The silence swells and bursts in my ears, ending in a roar where all the sounds of the neighborhood—Mr. Calloway’s dogs barking, the kids up the block squealing as their mom pulls them in a wagon, the airplane flying low, headed for Hartsfield—all come rushing back in.

“Oh, wow,” I giggle. “Sorry. For a second I thought you said I have—”

“Chlamydia, yeah. You do, Sol. I’m… I’m sorry.”

The humor burns to ashes on my lips, and for a few seconds I can’t speak.

“It’s not life-threatening,” she continues, reassuming a strictly professional tone. “You probably didn’t even know anything was wrong. You didn’t report any symptoms when you were here earlier this week. It’s curable. I’ve already ordered a round of antibiotics that you—”

“Wait a minute.” I stand to pace our driveway. “There’s a mistake. A mix-up with someone else’s results or something. Shelia, you know that couldn’t be. I’ve only been with…”

My husband.

I’ve only had sex with one person for the last two decades. Apparently Edward can’t say the same.

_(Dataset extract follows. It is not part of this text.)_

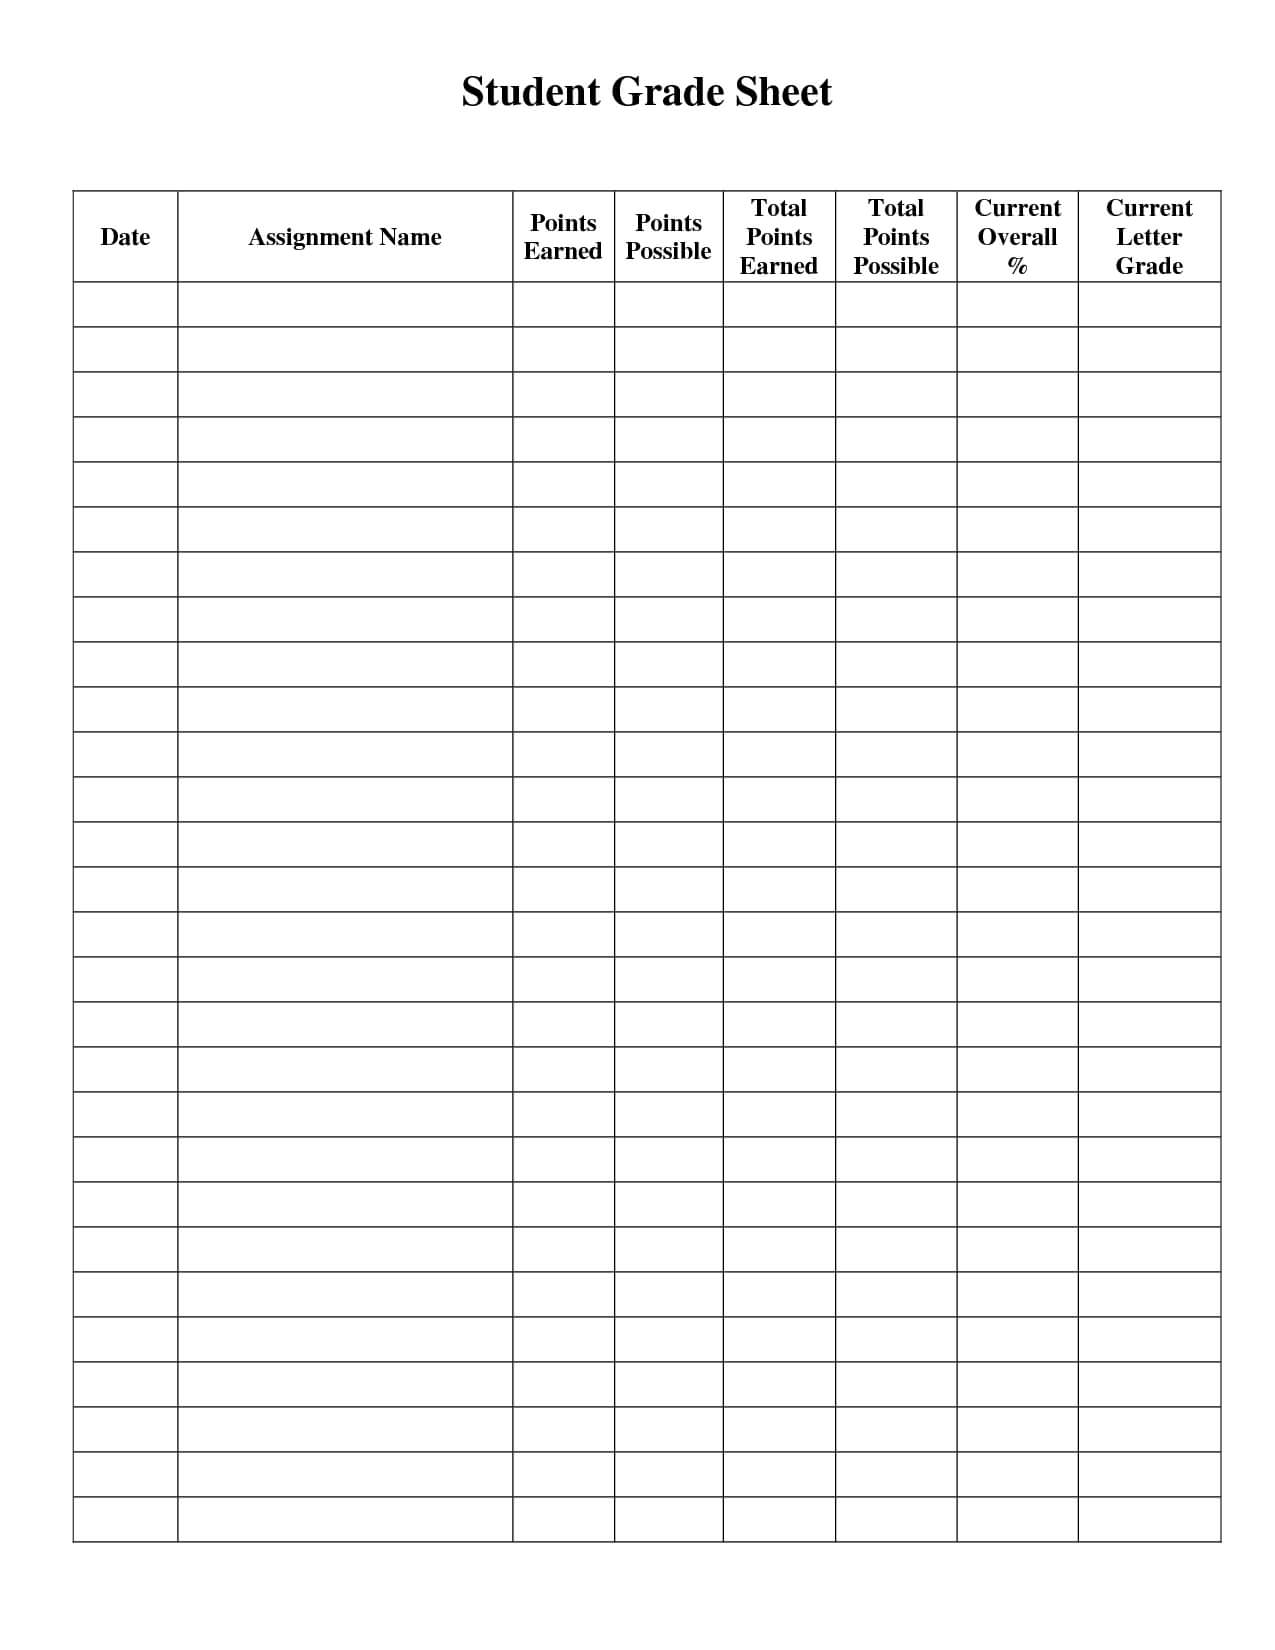 Student Grade Sheet Template | Grade Book Template, Teacher Intended For Student Grade Report Template

Shelia’s instructions about the medication, her telling me the prescription should be waiting at the pharmacy—very few of the details compute. I only absorb the pain of Edward’s betrayal. It batters me from the inside, pounding the tender muscle in my chest again and again. The beating of my heart.

In a daze, I disconnect the call and drop to the front step with a thud, the winter air drying tears on my cheeks into stiff tracks. A pain so visceral it literally steals my breath spears right through me. My mind reels, replaying every moment since the day Edward and I met on campus, finding the thread that runs through good and hard years, through three delivery rooms and nearly two decades under the same roof, sharing the same bed. I’m tired of gripping that thread, searching for the moment things started to change. I only know they did; he did, and his deceit has unraveled our lives completely.

I’ve been so stupid. All the nights I wondered why he didn’t want to sleep with me, and he was fucking someone else. The irony of me practically begging him to make love to me the night of the Christmas party. Now I understand his comments about vaginal rejuvenation weren’t just simple cruelty. He was redirecting; distracting me from his duplicity by making me feel inadequate, deliberately planting seeds of insecurity so I focused on me and not on the shit he was up to. My paranoia that sprang from his odd behavior the last two years wasn’t paranoia at all, but intuition. Instinct I was too afraid to follow to its natural conclusion.

It’s not even the infection itself that makes me feel dirty. It’s his betrayal. I feel stained not by what he has given me, but by what he has taken away. What he withheld from me when I held nothing back from him and gave everything to the life we promised we’d build together.

The hurt settles like sediment, sinking all the way to the bottom of me, and solidifies into rage. Not only has he put our financial security at risk, left the girls and me completely vulnerable, but he has violated me in the most egregious way. Not just breaking our vows, but defiling what was supposed to be sacred between our bodies and our hearts.